The films changing how we understand the Holocaust

The genocide has been endlessly churned through the Hollywood machine, resulting in melodrama, insensitivity and triteness. Three new films attempt to correct that.

By Miriam Balanescu

In a 2005 episode of Extras, Kate Winslet, cameoing as a caricature of herself, infamously joked that “if you do a film about the Holocaust, you’re guaranteed an Oscar”. Just a few years later, she was duly nominated for her role in The Reader, an uneasy romance between a former concentration camp guard (Winslet) and a 15-year-old German boy (David Kross).
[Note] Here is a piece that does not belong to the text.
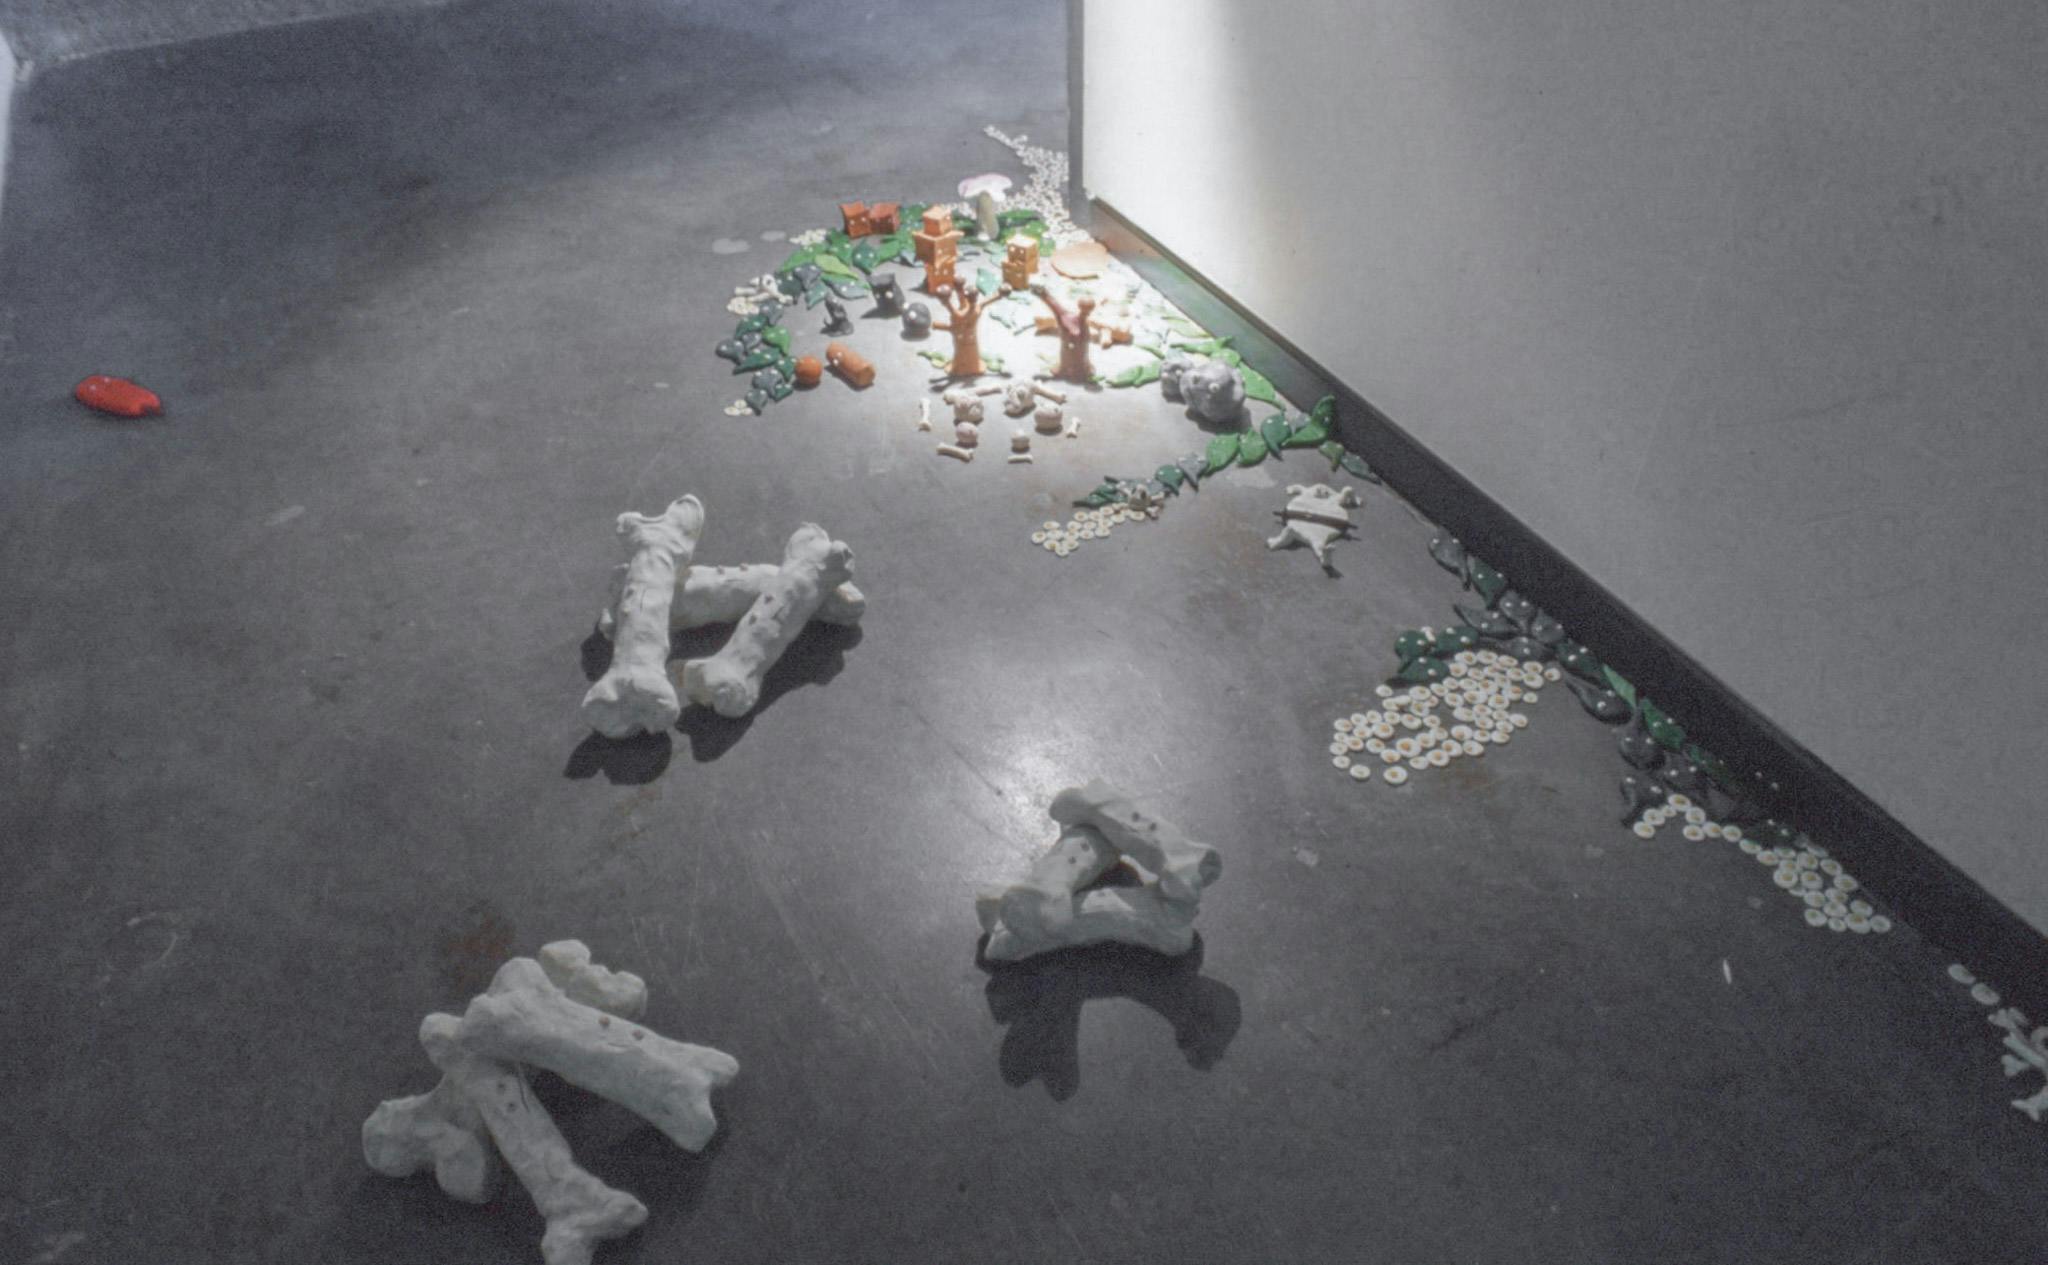 A series of small sculpture-like artworks are installed on a floor. A number of fried-egg shaped objects, bones, and small green round objects are piled up around the corner of the room.
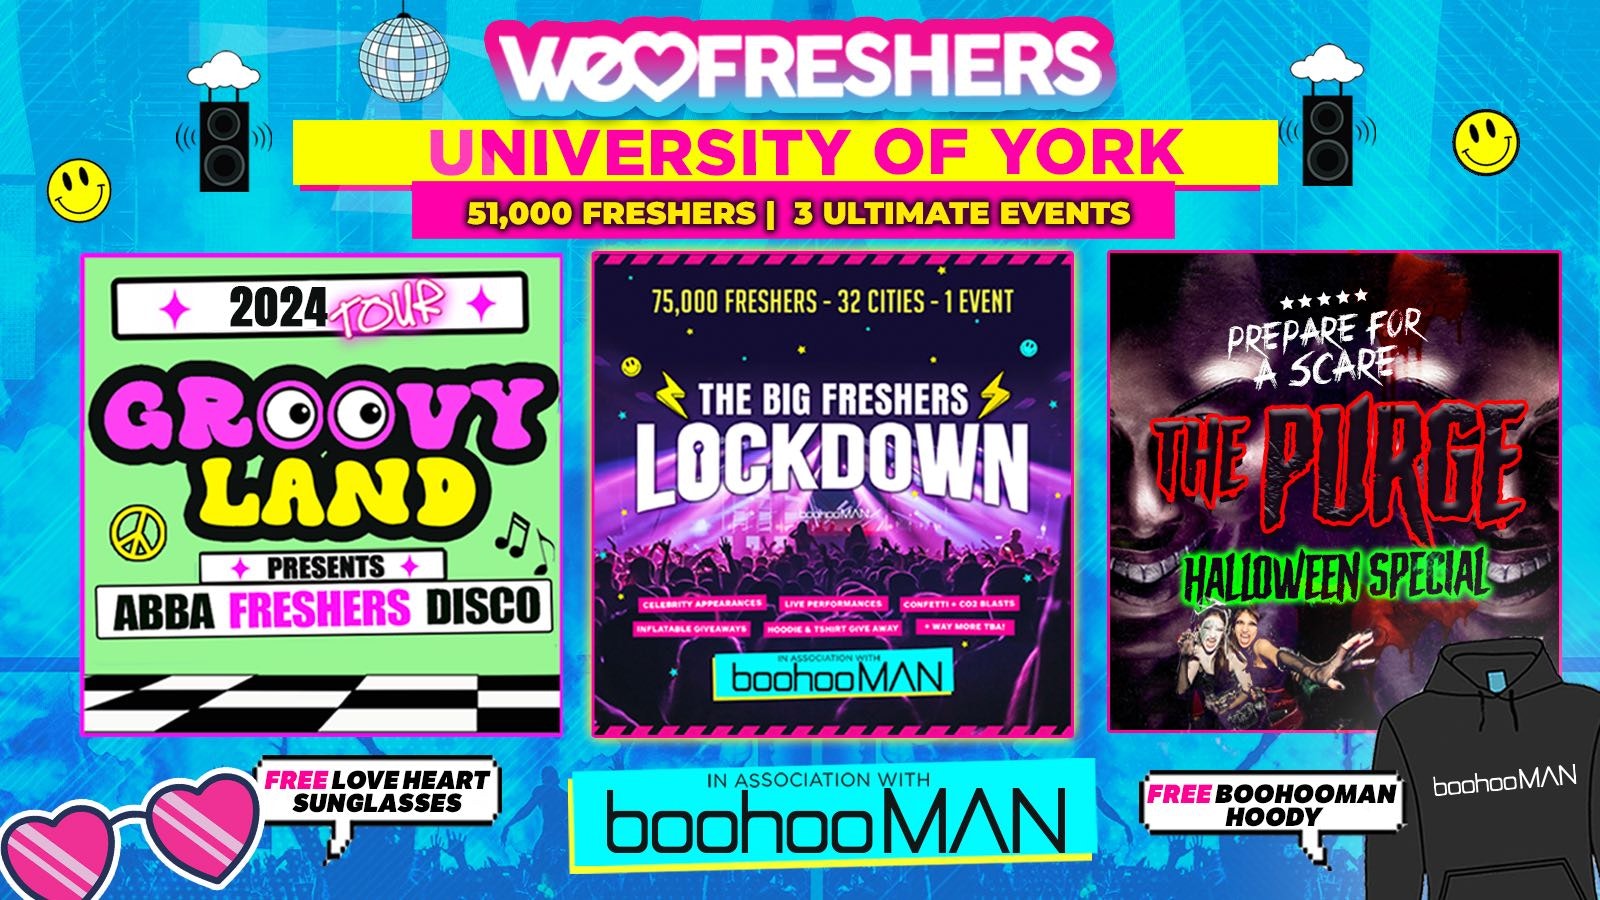 WE LOVE – UNI OF YORK FRESHERS 2024 in association with boohooMAN – 3 EVENTS❗

Years after their relationship, the young man, now a trainee lawyer, is called to observe her trial for war crimes, watching her wistfully and feeling increasingly sorry for her. The film, with its sympathy for a perpetrator of the Holocaust, was subject to accusations of revisionism and Nazi apologia. But amid this controversy, Winslet won the award – with Extras writer Ricky Gervais quipping at that year’s Golden Globes that he told her to do a Holocaust movie.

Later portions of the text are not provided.